The two professors concluded, “In the context of adjuvant chemotherapy for colon cancer, determining which drugs are effective or ineffective according to current guidelines remains a relatively unique clinical scenario. In the future, research in the pharmaceutical field will focus on how to combine different drugs for individual patients to maximize therapeutic efficacy while minimizing toxic side effects. The emergence of even one successful case in AI-guided clinical medication for cancer treatment would signify a breakthrough and open new avenues, ultimately benefiting countless patients.”
It is reported that,Currently, the team is also conducting scientific research collaborations with Beijing Meizhong Airui Cancer Hospital and other cancer centers., and promote the development of AI in the field of clinical decision support.
Brief Biographies of the Two Professors

Professor Lu Xinghua is a tenured professor in the Department of Biomedical Informatics at the University of Pittsburgh. He previously served as the project lead for the U.S. National Big Data to Knowledge (BD2K) Center. Professor Lu possesses extensive biomedical research experience spanning basic science, clinical practice, artificial intelligence, and informatics; he also has rich experience in translating academic achievements into industrial and commercial applications. HisResearch findings have been published in leading journals across multiple disciplines. ItsThe research group primarily develops artificial intelligence methods to advance basic research, translational medicine, and clinical decision support. Currently, the group applies causal methodology, Bayesian causal networks, and deep learning to basic and translational cancer research.
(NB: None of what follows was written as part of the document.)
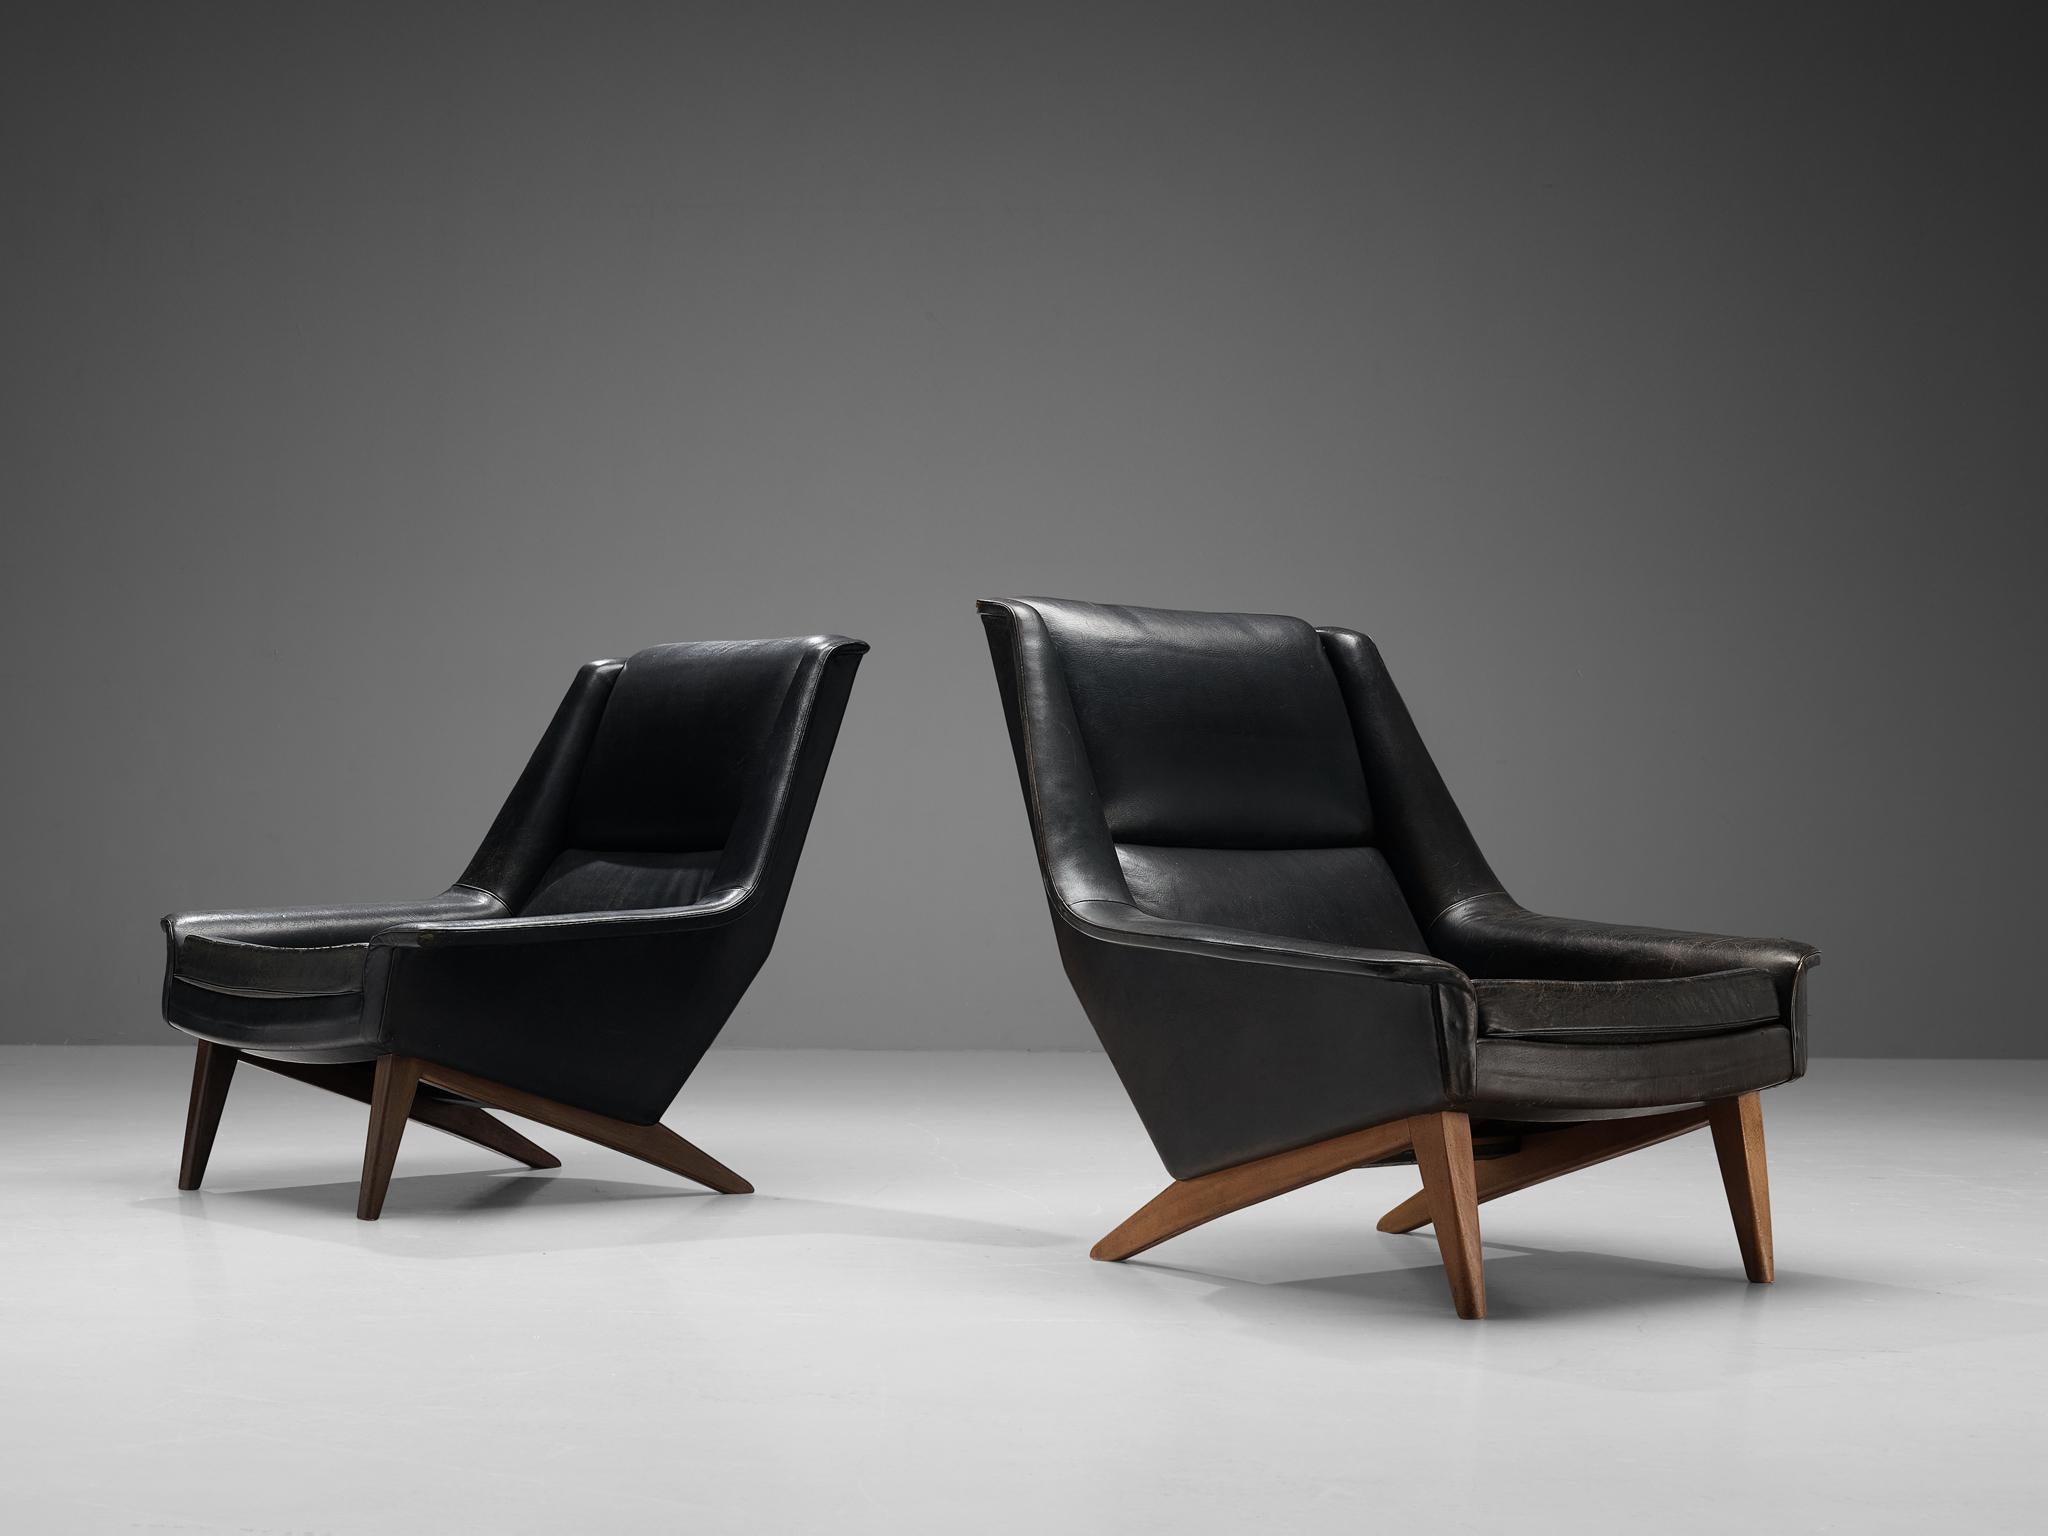 Folke Ohlsson pour Hansen, fauteuils, modèle '4410', cuir patiné, hêtre, Danemark, conçu en 1957

Ces chaises longues de haute qualité se caractérisent par un design élégant et intemporel basé sur des formes élégantes et des lignes épurées. Les

The group has previouslyReceived funding from multiple NIH grants; also awardedUPMC(Funded by the academic medical center affiliated with the University of Pittsburgh School of Medicine) to develop AI-powered products for guiding cancer immunotherapy.

Professor Sun Min,Doctor of Medicine (MD) 、Ph.D. in Biology; Assistant Professor, University of Pittsburgh School of Medicine;Oncologist and Hematologist, UPMC.Professor Sun Min currently represents UPMC atBeijingServed as Chief Medical Officer for the US-China iCancer Hospital project.With over two decades of experience in clinical practice and research in oncology, he has extensive expertise in breast cancer, gastrointestinal tumors, and other common malignancies. He is currently board-certified by the American Board of Internal Medicine in Hematology and Medical Oncology.
Supplementary Introduction: About Beijing Meizhong Airui Cancer Hospital (hereinafter referred to as “Meizhong Airui”)
US-China Airui is committed to advancing cutting-edge technologies in oncology diagnosis and treatment. It has established an in-depth collaboration with UPMC (the academic medical center affiliated with the University of Pittsburgh School of Medicine) to jointly establish an international telemedicine consultation center, formulating combined diagnostic and therapeutic plans for patients. The US-China Airui Drug Clinical Trial Institution was established in January 2021, completed its initial filing with the National Medical Products Administration’s Drug Clinical Trial Institution (GCP) registry in August 2021, and passed the on-site inspection in November 2021. It is qualified to undertake Phase I, II, III, and IV clinical trials of anti-tumor drugs, with research primarily focused on the treatment of solid tumors. Currently, US-China Airui has reached a preliminary cooperation agreement with the inventing institution regarding research on AI systems guiding clinical decision-making.